Cartesian Product (CP) is a knowledge management platform that allows you to visualize data, explore deeper insight, and use your own data to help you answer your most pressing questions and contribute to clean energy development around the globe.
What really distinguishes CP is its backend system that gives users the power to contribute their own data and insights or download the current state of our ever growing open source datasets. By crowd sourcing our knowledge management system, we strive to convert the linear process of one-off data science consulting into an iterative cycle of community contribution and engagement, driving data-informed decision making.
Most of us are in the Advanced Data Engineering class at GalavanizeU Data Science Master's Program in San Francisco. We also have other members coming from the Galvanize Web Development Immersive program, but all of us are part of the Galvanize community.

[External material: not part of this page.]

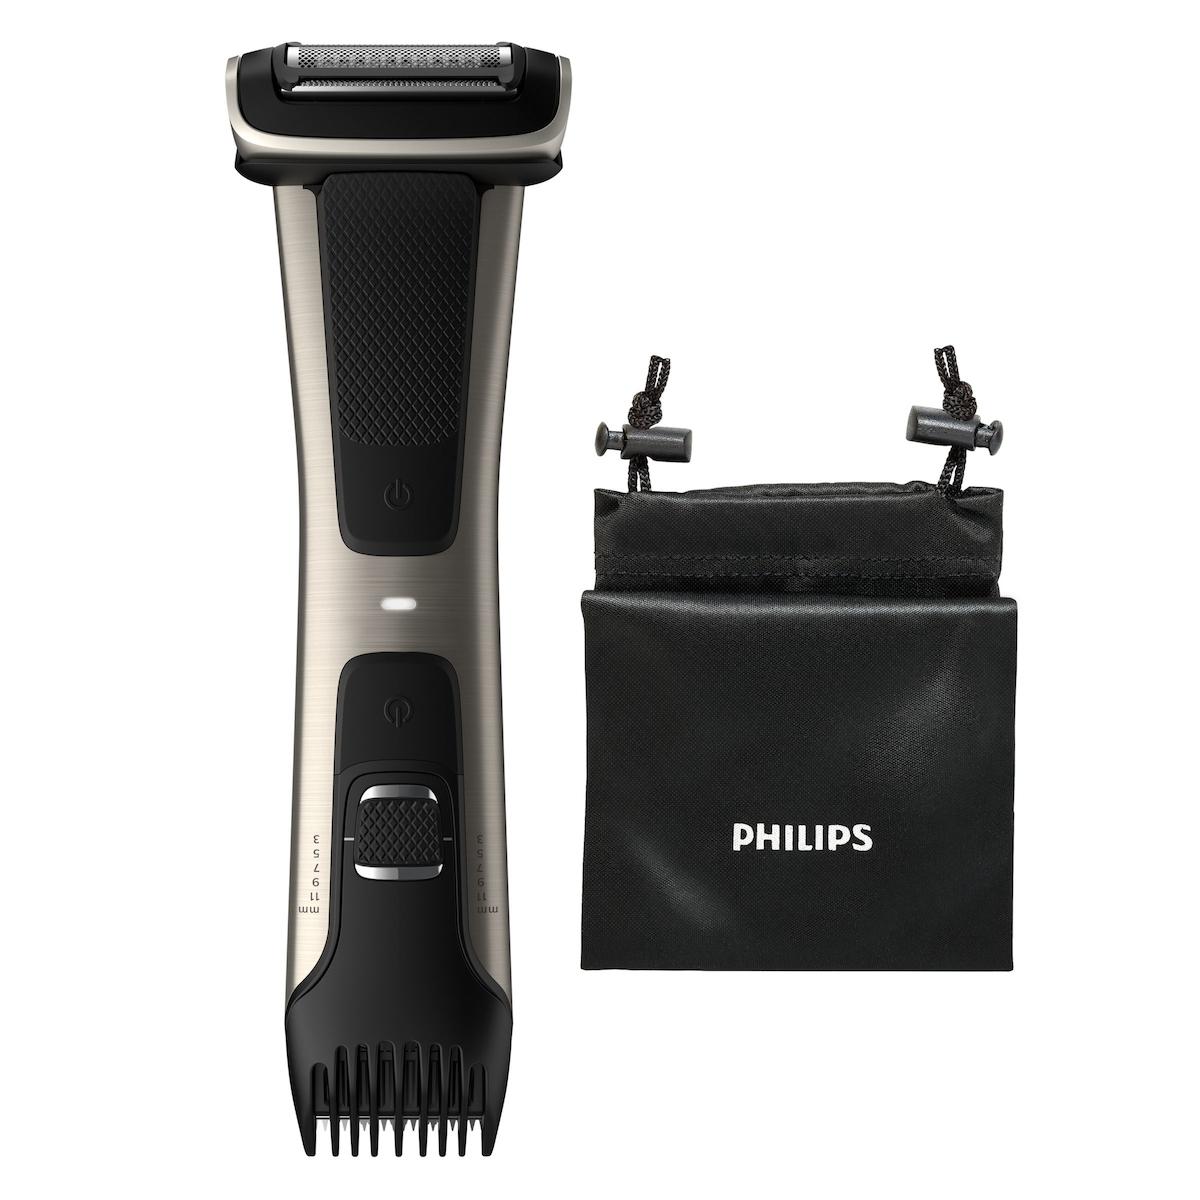 Philips BG7025/15 series 7000 Showerproof body groomer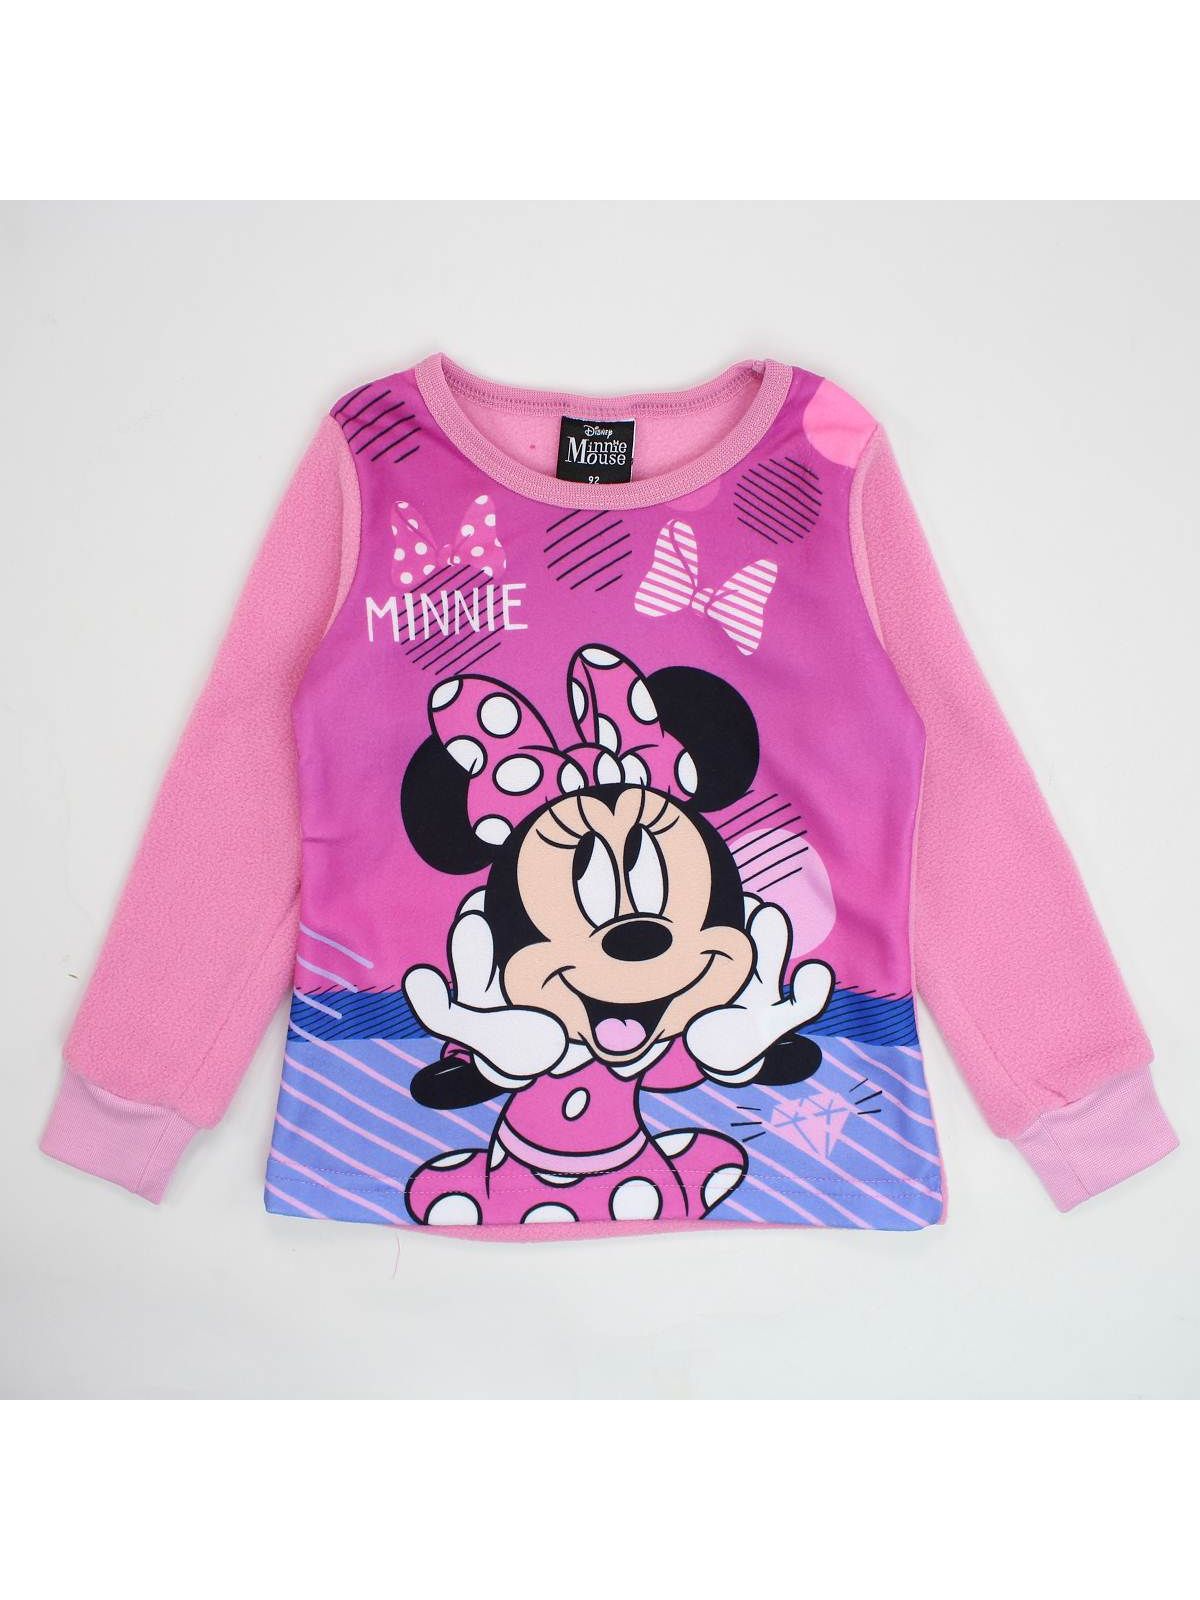 Minnie pajamas

We're doing this because climate change is one the paramount issues of our generation. Decision makers need to have open and easy access to data that comes together in a single place.
Class Project for DSCI-6009-SU17
So far: Kafka broker that ingests data from plume.io [work in progress]
Start Zookeeper.
If you have installed zookeeper, start it, or run the command:
> bin/zookeeper-server-start.sh config/zookeeper.properties
Start Kafka with default configuration
> bin/kafka-server-start.sh config/server.properties
Create a Topic - 'plume_pollution'
> bin/kafka-topics.sh --create --zookeeper localhost:2181 --replication-factor 1 --partitions 10 --topic plume_pollution
To show all content in a topic (and to check the Producer is working), have the command line consumer running:
bin/kafka-console-consumer.sh --bootstrap-server localhost:9092 --topic plume_pollution --from-beginning
Package project
sbt assembly
It will package compiled classes and its dependencies into a jar.
Run the Producer
The Producer is a Scala file located at src\main\scala\KafkaBroker.Scala
Once packaged in a JAR you can run the producer with the following arguments:
scala cartesianproduct2-assembly-1.0.jar plume_pollution localhost:9092 48.85 2.294 1000
where:
- title: plume_pollution
- broker: localhost:9092
- latitude: 48.85
- longitude: 2.294
- sleepTime: 1000
For additional information about Kafka, Plume API or Plume token check the WIKI
Output If all is working, you should see the following output:
List topics
Install pip and python-dev:
sudo apt-get install python-pip python-dev
Install IPython. Since the machine will most likely be running Python 2.7, it is necessary to install an older version:
sudo pip install IPython=5.0
Install Jupyter:
sudo pip install jupyter
In order to run Jupyter with PySpark, the drivers need to be changed. Create a bash script called jupyter-pyspark with the following code:
#!/usr/bin/env bash
export PYSPARK_DRIVER_PYTHON=
which jupyter
export PYSPARK_DRIVER_PYTHON_OPTS="notebook --NotebookApp.open_browser=False --NotebookApp.ip='*' --NotebookApp.port=8888"
dse pyspark
Change permissions on the file:
chmod a+x jupyter-pyspark
Move jupyter-pyspark to /usr/bin. Now running the jupyter-pyspark command from anywhere in the machine will begin a browserless Jupyter notebook running with a PySpark driver.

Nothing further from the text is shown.